Сегодня только и слышны глаголы: разрушить, сжечь, уничтожить, истребить. В парке занимаются военным делом подростки – девочки и мальчики.

Дело идет к вечеру, а карточки еще не получил. Голова кружится от голода, часа два назад обстреливали наш район. ‹…›

Плохо без часов. На улице они стоят, а дома их нет вовсе. Дома копался в книгах и рукописях. Нашел много ценного материала. «Лишний» нагрел печку до красна. Жаль, что в дневниках много пробелов. ‹…›

Ползут слухи, что немцы концентрируют войска вдоль Ленинграда.

20 июня 1942 года

‹…› В городе на остановках, перекрестках, уцелевших заборах пестрят объявления. Срочно продается. Ниже следует перечисление, адрес и часы распродажи. Все как по уставу. Всевозможные почерки и напечатанные на машинках, принадлежат так называемым эвакуирующимся из Ленинграда. Одни едут к родным или знакомым в глубокий тыл, где спокойнее, надежнее, а главное, сытнее. Другим все равно куда ехать, лишь бы подальше от голода и обстрелов. Они готовы скитаться по чужим углам, только бы выехать из Ленинграда. Эвакуироваться можно только тем, у кого есть дети, и негодным к военной службе. Многие мечтают уехать, но не разрешают. Есть и такие: и не мечтают покинуть город, но их выселяют принудительно, считая неблагонадежными. ‹…›

Кому война, а кому нажива. Это поговорка нынче в моде. Одни ходят на рынок обменять последнее трико на двести граммов хлеба, чтобы выжить, другие посещают комиссионные магазины, откуда выносят фарфоровые вазы, сервизы, меха, и надеются еще долго прожить.

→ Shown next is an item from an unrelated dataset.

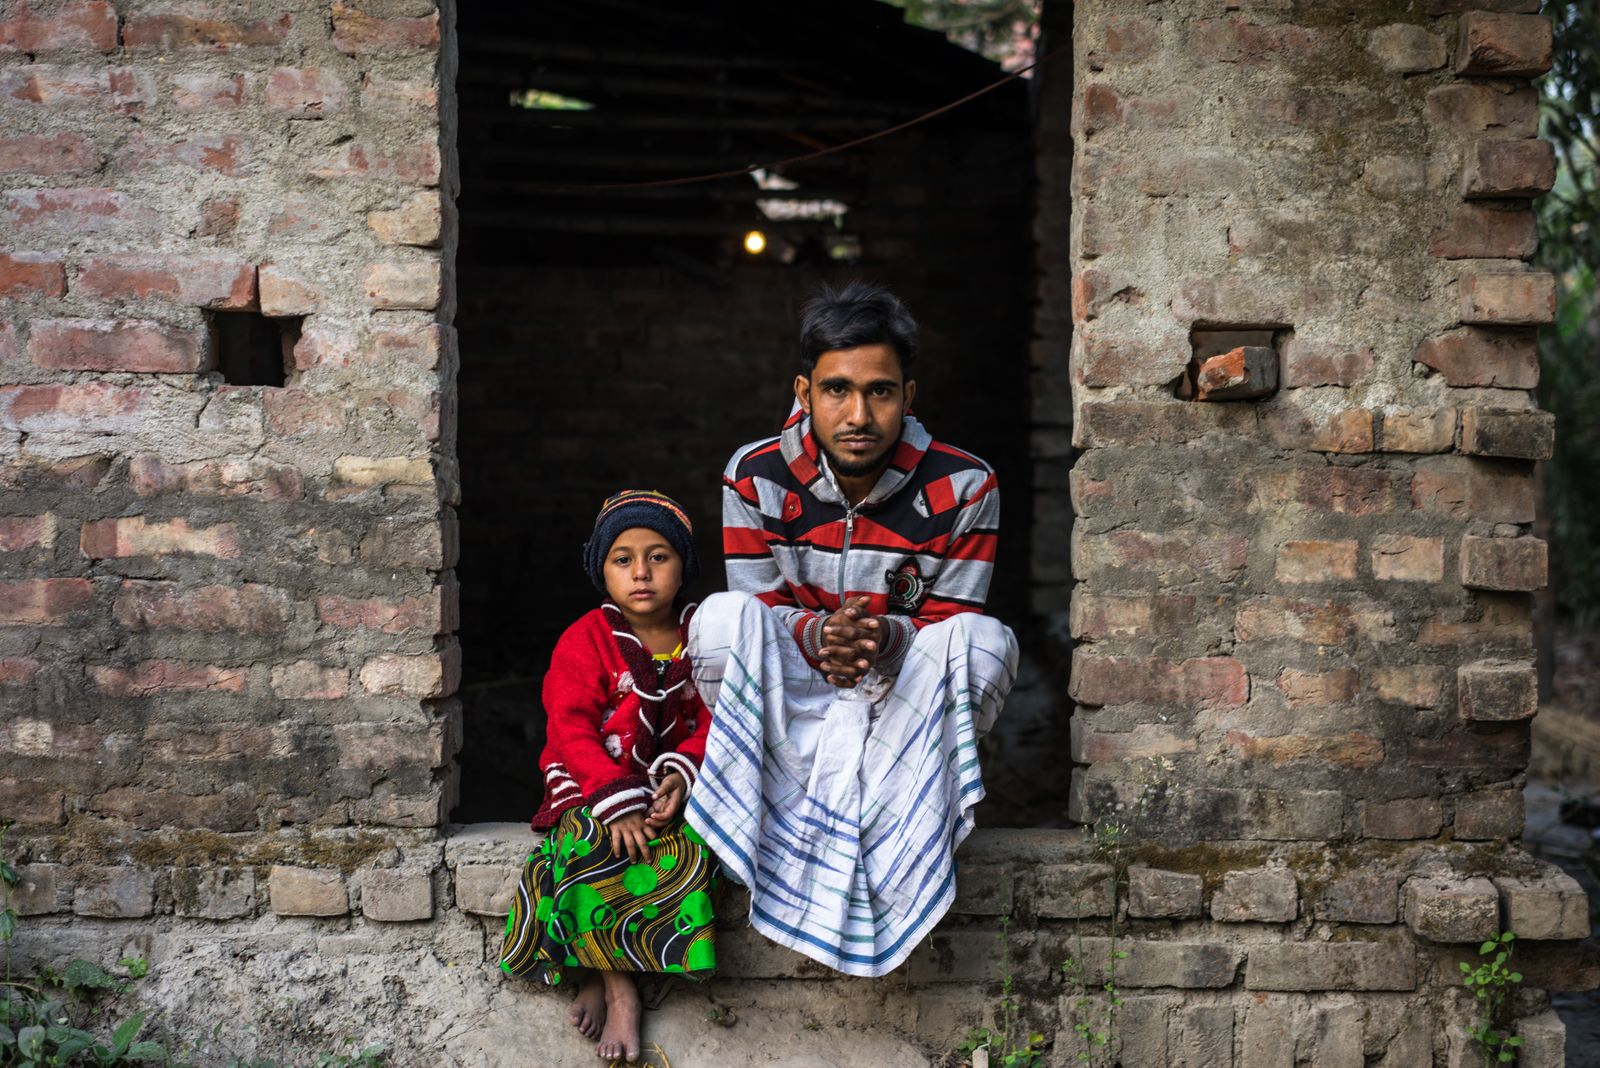 sdas2015-polio-india-0055.JPG
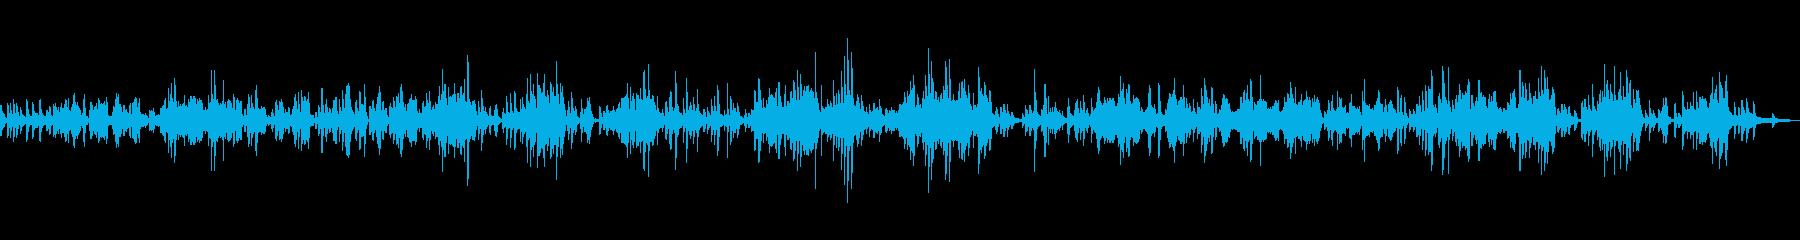 モーツァルトピアノソナタK333第2楽章の再生済みの波形

Одни ходят на работу к семи часам утра и возвращаются к восьми вечера, собирают траву, щепки, а потом варят обед и в полночь ложатся спать с надеждой увидеть во сне перловую кашу, а быть может, сосиски. Другие ловчат, приспосабливаются, пытаются, иной раз не без успеха, обобрать ближнего, урвать для себя что-то для собственного пропитания. Одни отдают детей в очаги и ясли, а сами работают, другие обворовывают собственных детей.

Ленинградцы разучились спокойно разговаривать: остроты, желчь, зависть поднялись до сарказма. ‹…›

Почти половина женщин стали курить. Курят из-за баловства или кокетства, от голода, от злости, а потом уже по привычке. Табак дорогой. Сто грамм стоит фунт хлеба. Одни женщины обтрепались, износились, обветшали и платьем, и телом, другие лоснятся от жира и щеголяют шелковыми тряпками.

Покойников продолжают хоронить без гробов. К этому привыкли, к тому же дешево и сердито: и дров будет больше, и лес целее.